DNS zones and access control
DNS is both a developer convenience and a security boundary. Loopback treats it that way by combining:
- Organization-level domains and records for the names you truly own.
- Delegated pattern zones at organization / project / workspace scope so teams can self-service only the names you allow.
- RBAC that can separate who manages the apex domain from who can create
*.api.staging.example.com.
This page expands DNS overview with governance and wildcard guidance for buyers.
Concepts at a glance
| Concept | What it means for users |
|---|---|
| Domain | A registered name Loopback can manage under your org (ownership and billing live here). |
| DNS records | Concrete A/AAAA/CNAME/TXT (and friends) attached to a domain. |
| DNS record zone | A delegation contract: “inside this domain, only names matching these patterns may be edited from this scope.” |
| Project / workspace DNS zones | The same idea narrowed to a team or environment—ideal for least privilege. |
Why pattern-based zones exist
Without patterns, either:
- Everyone shares one DNS admin role (risky), or
- You manually ticket every record (slow).
Pattern zones let you say:
- “Team A may create only
*.dev.project-a.example.com.” - “Workspace prod-checkout may manage only
api.checkout.example.comand*.api.checkout.example.com.”

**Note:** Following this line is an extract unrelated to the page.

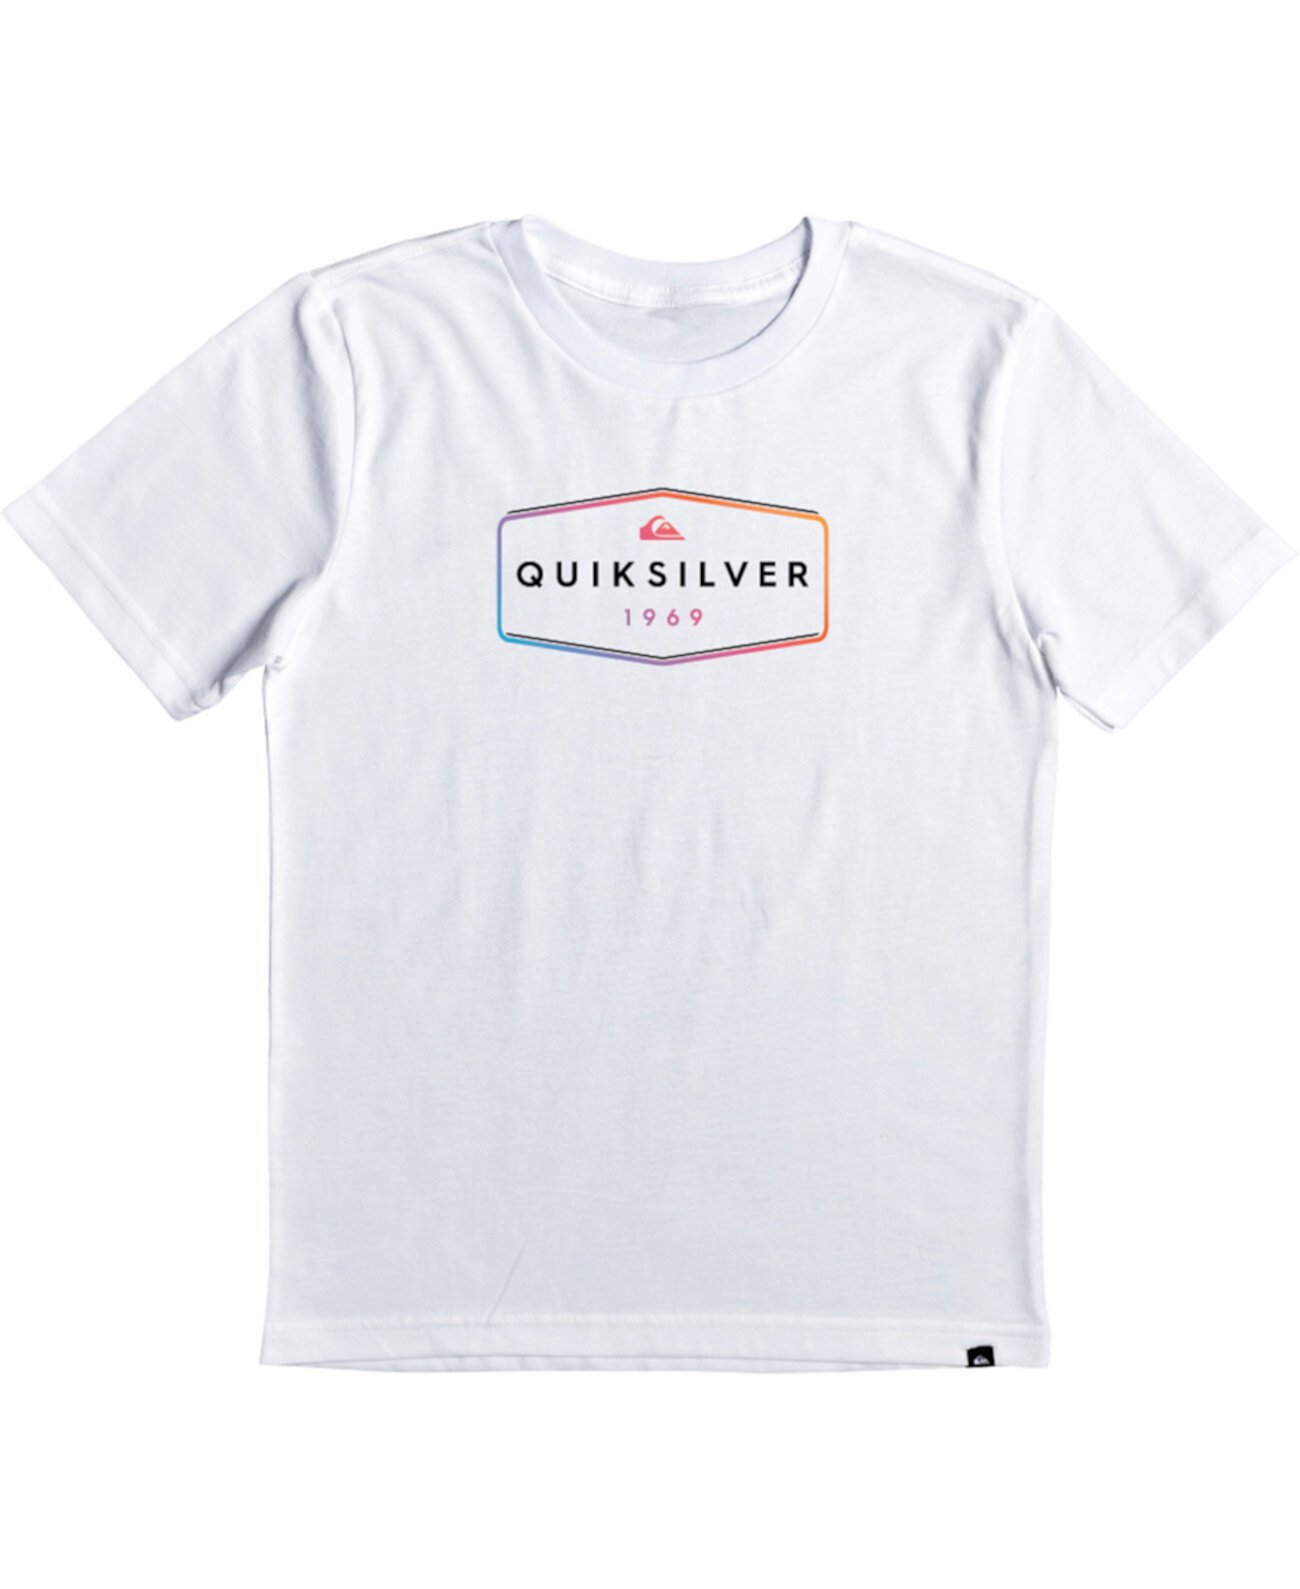 Little Boys Stear Clear T-shirt Quiksilver
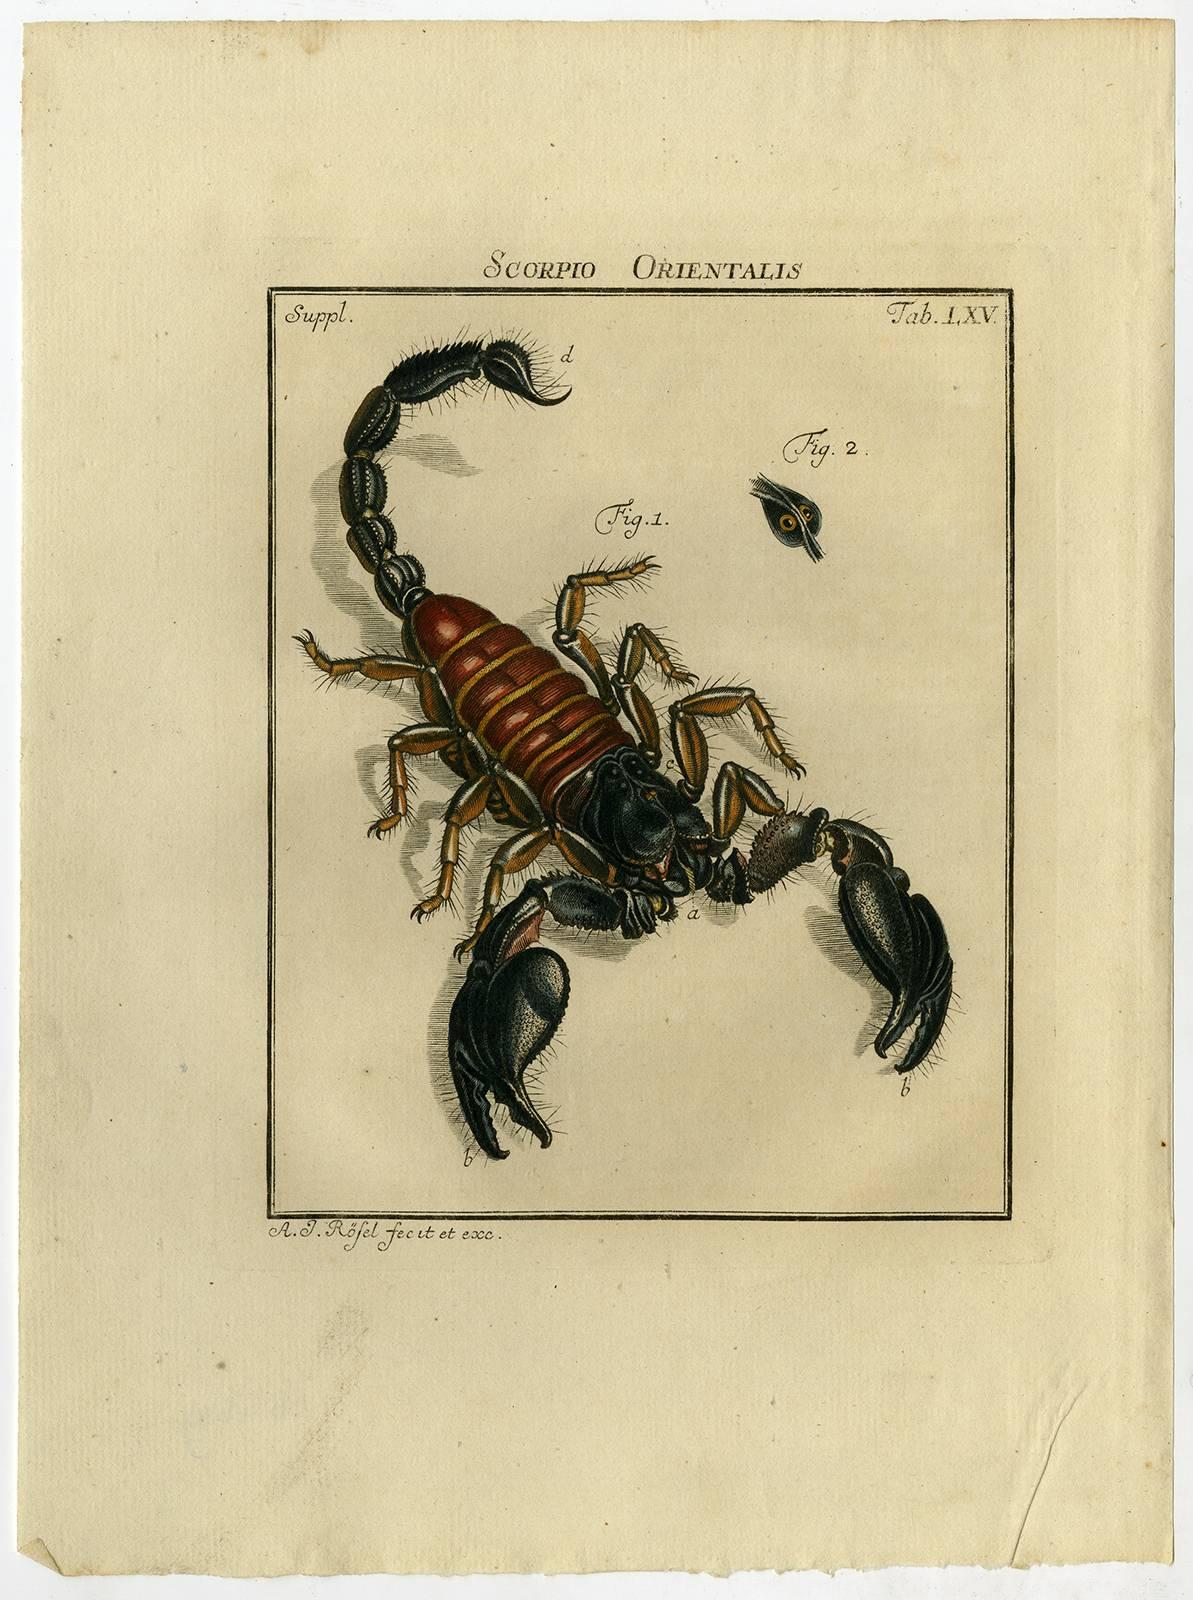 August Johann Rösel von Rosenhof Animal Print - Scorpio Orientalis. Tab. LXV.

Loopback enforces single-level wildcard semantics for matching (one * segment per pattern, not arbitrary recursive globbing). If you need complex rules, split zones or use multiple narrower patterns.
Wildcards: power and pitfalls
Wildcards (*.something) are invaluable for:
- Multi-tenant apps that mint per-tenant hostnames.
- Ephemeral preview environments (
pr-123.example.dev).
Risks:
- Over-broad wildcards + weak TLS issuance processes = unexpected certificate coverage.
- Accidental overlap between prod and non-prod patterns.
Best practice: use separate domains or separate zone objects for prod vs non-prod, and keep apex and email-critical records under infra-only roles.
RBAC story (how fine-grained it can be)
Loopback separates capabilities such as:
- Org-wide DNS vs project DNS vs workspace DNS.
- Read vs create/update/delete on records.
- Zone administration vs record administration (depending on deployment).
This maps cleanly to enterprise patterns:
- Platform team owns apex and MX/SPF/DKIM.
- Product teams own service subdomains via pattern zones.
- Auditors get read-only visibility without write.
For the broader RBAC philosophy, see Auditing and fine-grained access.
Kubernetes workspace DNS (how it intersects)
Kubernetes workspaces receive API server DNS under operator-managed domains during provisioning. That is not the same as your application DNS zones—plan both:
- Cluster access hostname stability for kubectl.
- Application ingress names for customers.
See Kubernetes install flow for the control plane DNS story.
Operational checklist
- [ ] Inventory who can edit apex records (should be tiny).
- [ ] Create pattern zones per team/environment; avoid one mega-wildcard unless you accept the risk.
- [ ] Align certificate issuance (ACME, corporate CA) with wildcard scope.
- [ ] Ensure deleting a workspace does not silently orphan paid DNS assets—define ownership up front.